It’s Cold, So Cold: Writing (The Paris Review Interviews)

Toni Morrison

Toni Morrison

Repetition is something I usually disdain.  I'll make an exception here -- and I hope you will, too.  I've now read a dozen or more interviews so far, which isn't that many, and a phrase appears in several.  It's more than a thought or observation, and it's more than an attitude -- it's an approach to writing emotions that seems to cross stylistic, generational, gender, and racial lines.

To create passionate prose, exercise passionlessness.

Toni Morrison:

Interviewer: Do you ever write out of anger or any other emotion?

Morrison: No.  Anger is a very intense but tiny emotion, you know.  It doesn't last.  It doesn't produce anything.  It's not creative . . . at least not for me.  I mean these books take at least three years!

Interviewer: That is a long time to be angry.

Morrison: Yes.  I don't trust that stuff anyway.  I don't like those little quick emotions, like, I'm lonely, ohhh, God . . . I don't like those emotions as fuel.  I mean, I have them, but --

Interviewer: -- they're not a good muse?

Morrison: No, and if it's not your brain thinking cold, cold thoughts, which you can dress in any kind of mood, then it's nothing.  It has to be a cold, cold thought.  I mean cold, or cool at least.  Your brain.  That's all there is.

James Baldwin:

Interviewer: What sort of music are you hearing while in the immediate process of writing?  Do you experience anything physical or emotional?

Baldwin: No.
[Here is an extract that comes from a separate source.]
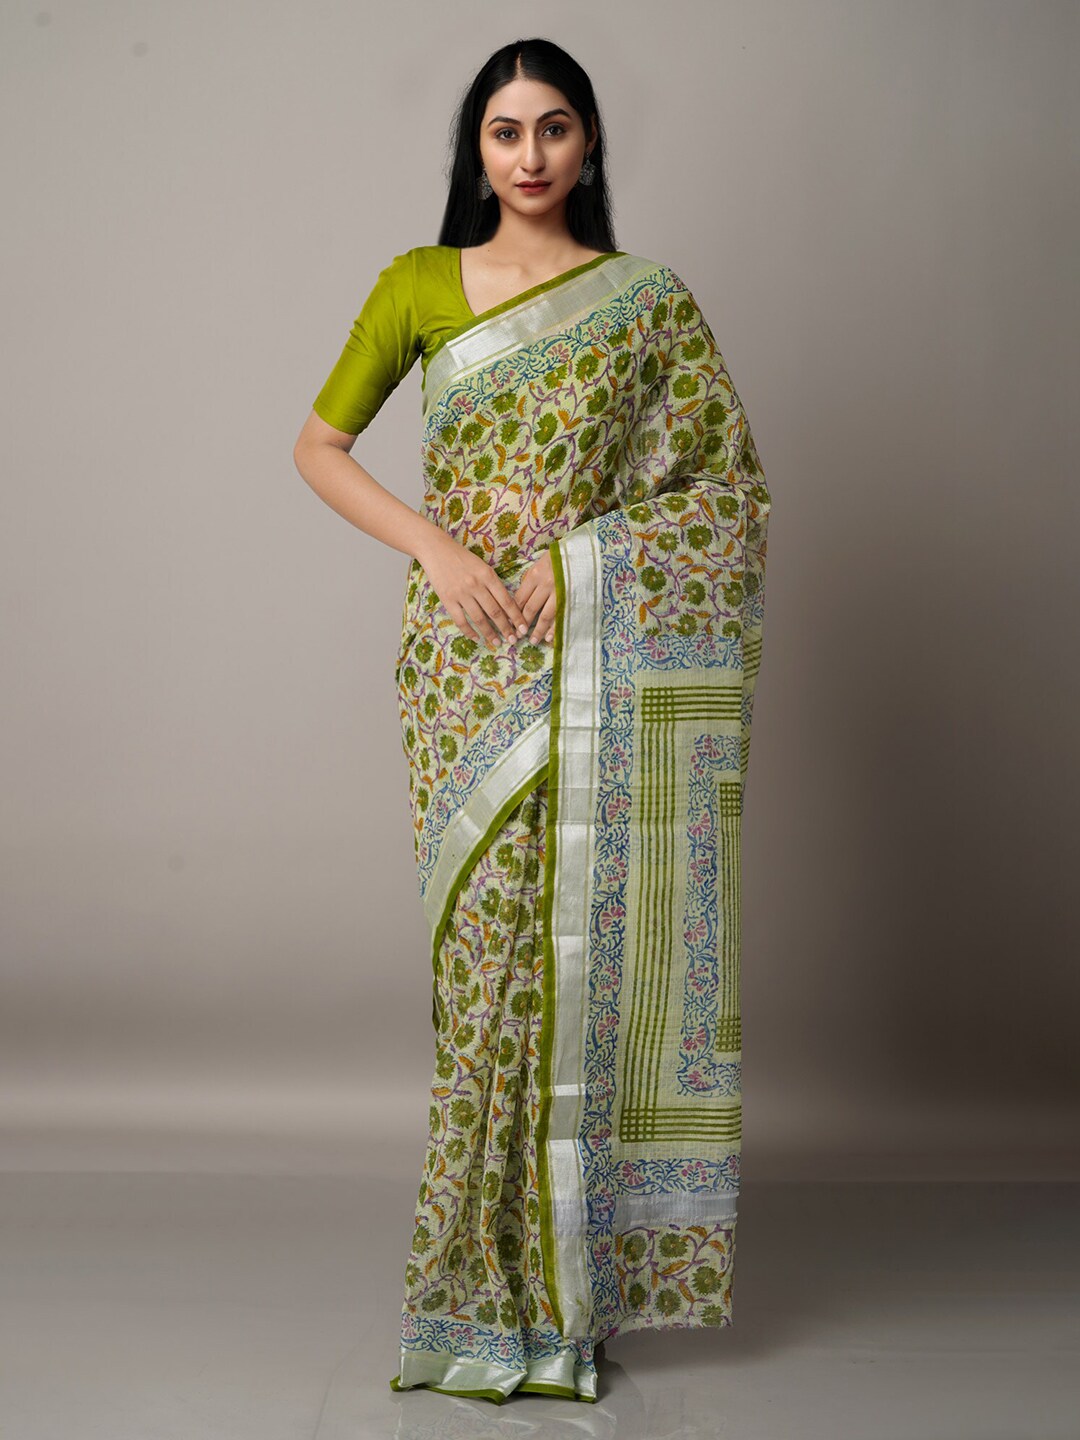 Unnati Silks Green & Silver-Toned Ethnic Motifs Pure Cotton Kota Saree Price in India

I'm very cold -- cold probably isn't the word I want, controlled.  Writing for me must be a very controlled exercise, formed by passions and hope.  That is the only reason you get through it, otherwise you may as well do something else.  The act of writing itself is cold.

Truman Capote:

Interviewer: You recently published a book about the Porgy and Bess trip to Russia.  One of the most interesting things about the style was its unusual detachment, even by comparison to the reporting of journalists who have spent many years recording events in an impartial way.  One had the impression that this version must have been as close to the truth as it is possible to get through another person's eyes, which surprising when you consider that most of your work has been characterized by its very personal quality.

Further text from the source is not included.